Given that he was explicit in his intention to implement a 5-year-plan, it’s possible that 1930 was something of a make-or-break year for Chapman. After that impressive league showing in his debut season at Highbury, Chapman was frustrated in his attempts to bring trophies to the Gunners; the closest they came was in 1927 as losing finalists in the FA Cup. In the championship they were mediocre at best; 11th in 1926/27, 10th in 1927/28, 9th in 1928/29. In fact, in 1929/30 the club actually went backwards in the league, stuttering to a dismal 14th place.

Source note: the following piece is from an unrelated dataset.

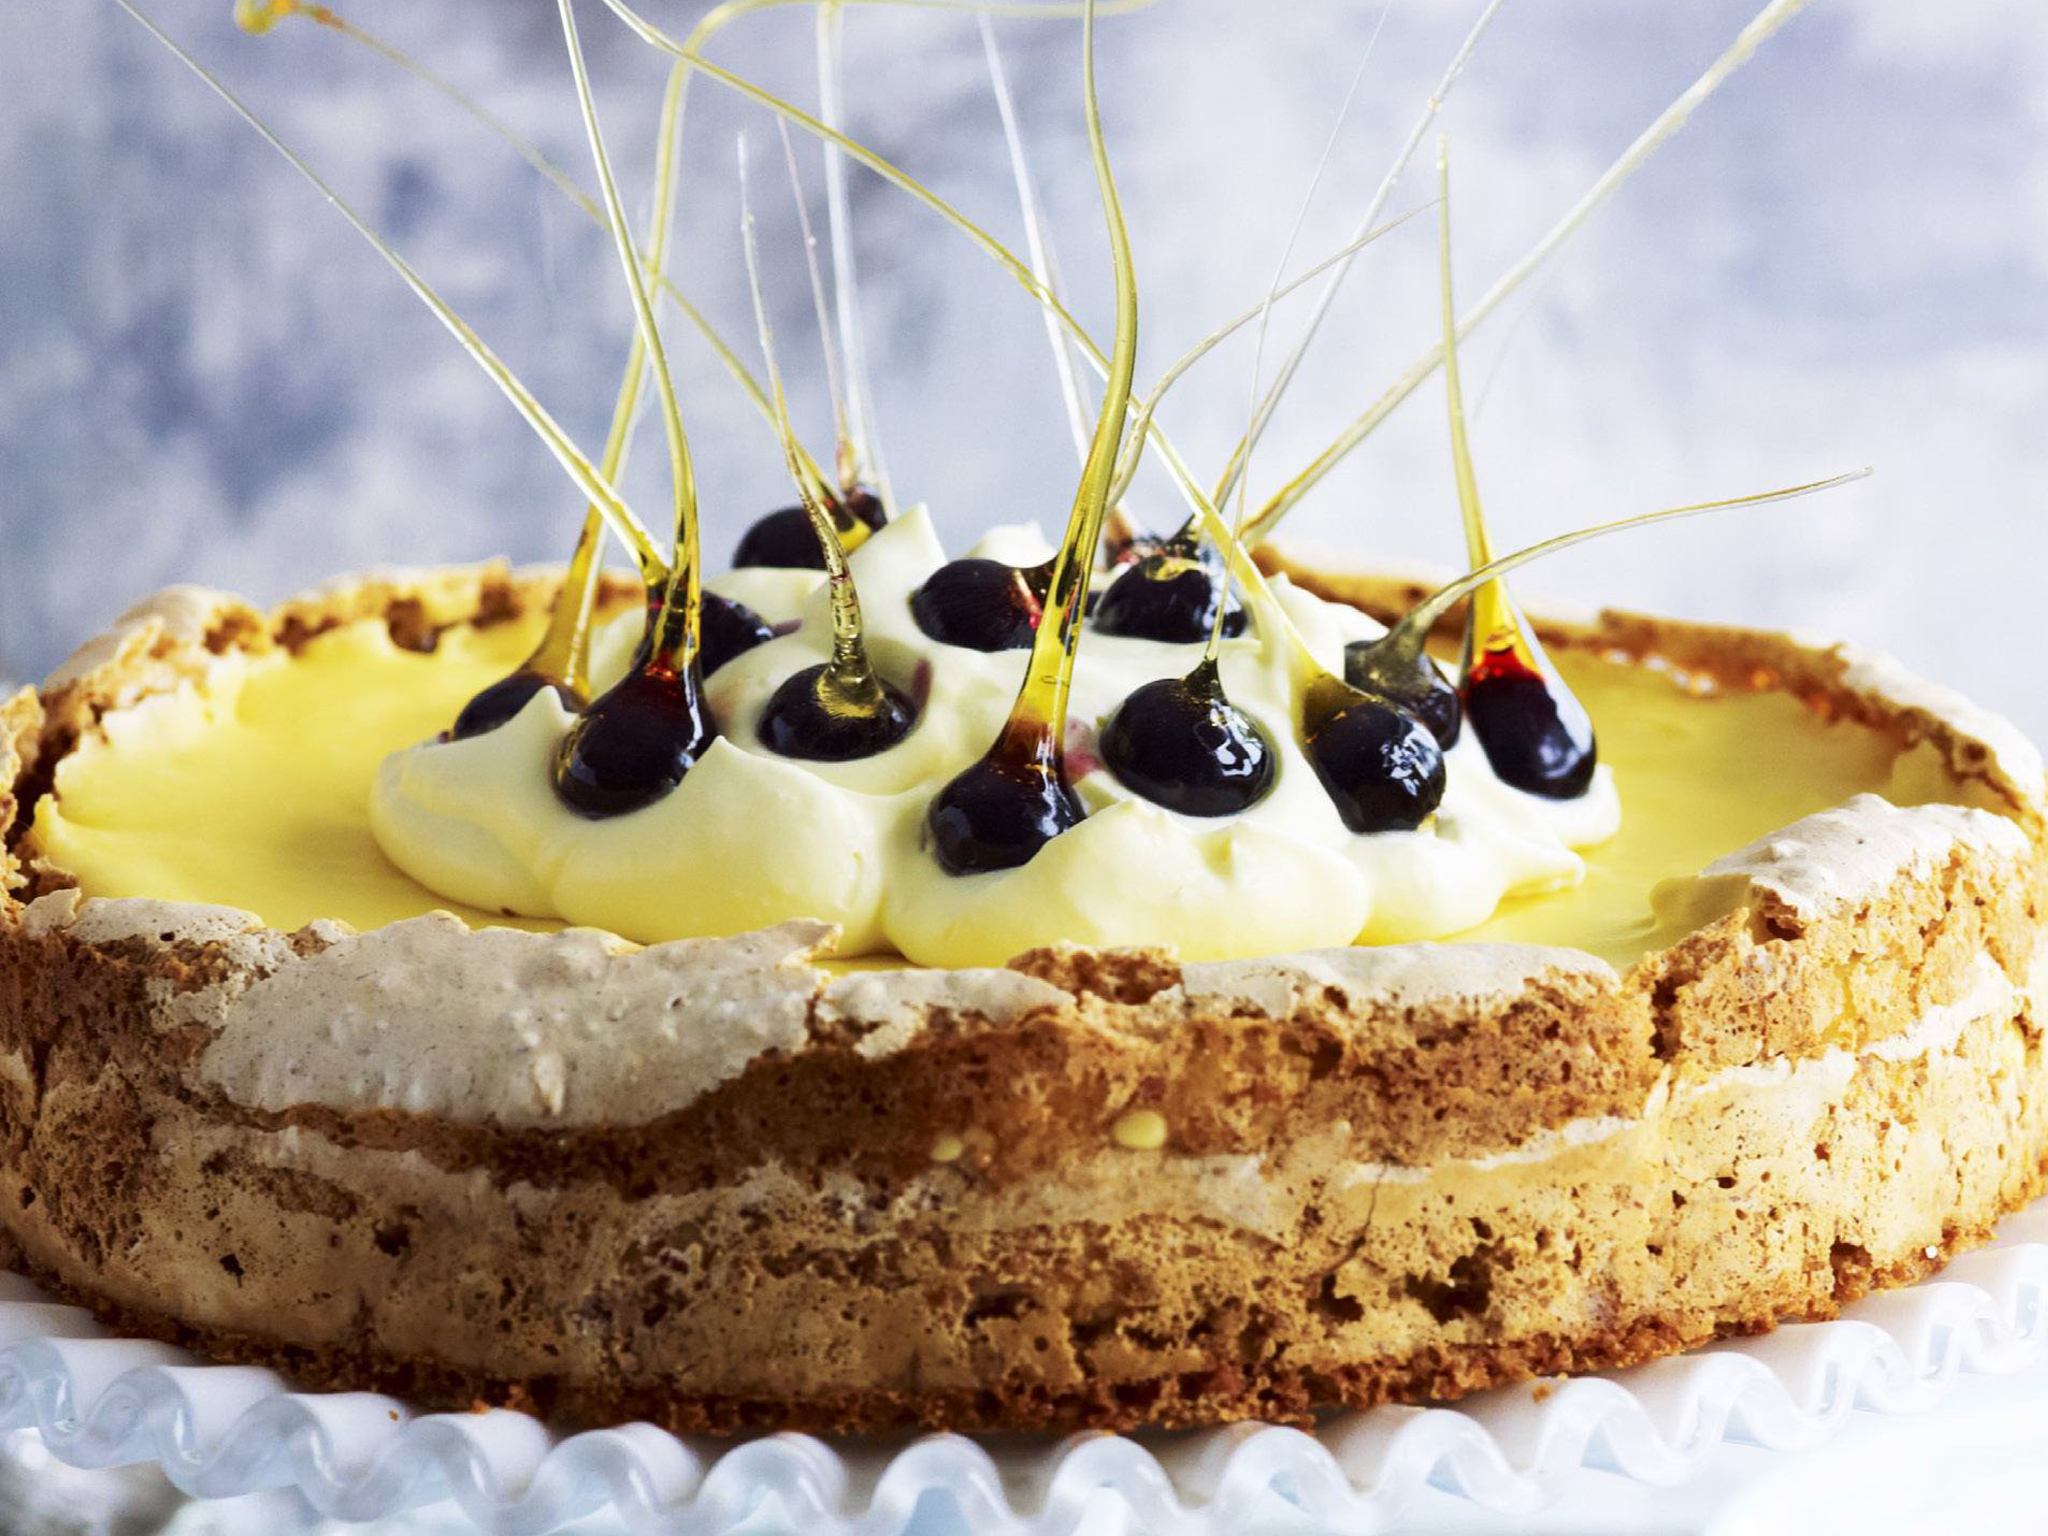 lemon curd meringue cake with blueberries

Nonetheless, glory was not far away.
On this day in 1930, the Gunners trekked up to Villa Park to take on Hull City in the FA Cup Semi-Finals for the second time in a week. At Elland Road 4 days prior, they had been 2-0 down to the Yorkshiremen before fighting back in the second half to force a replay. Hull were bottom of the 2nd Division at the time, and on their way to being relegated, so the fact that a replay was even required shocked most observers. Were Chapman’s men about to bottle it?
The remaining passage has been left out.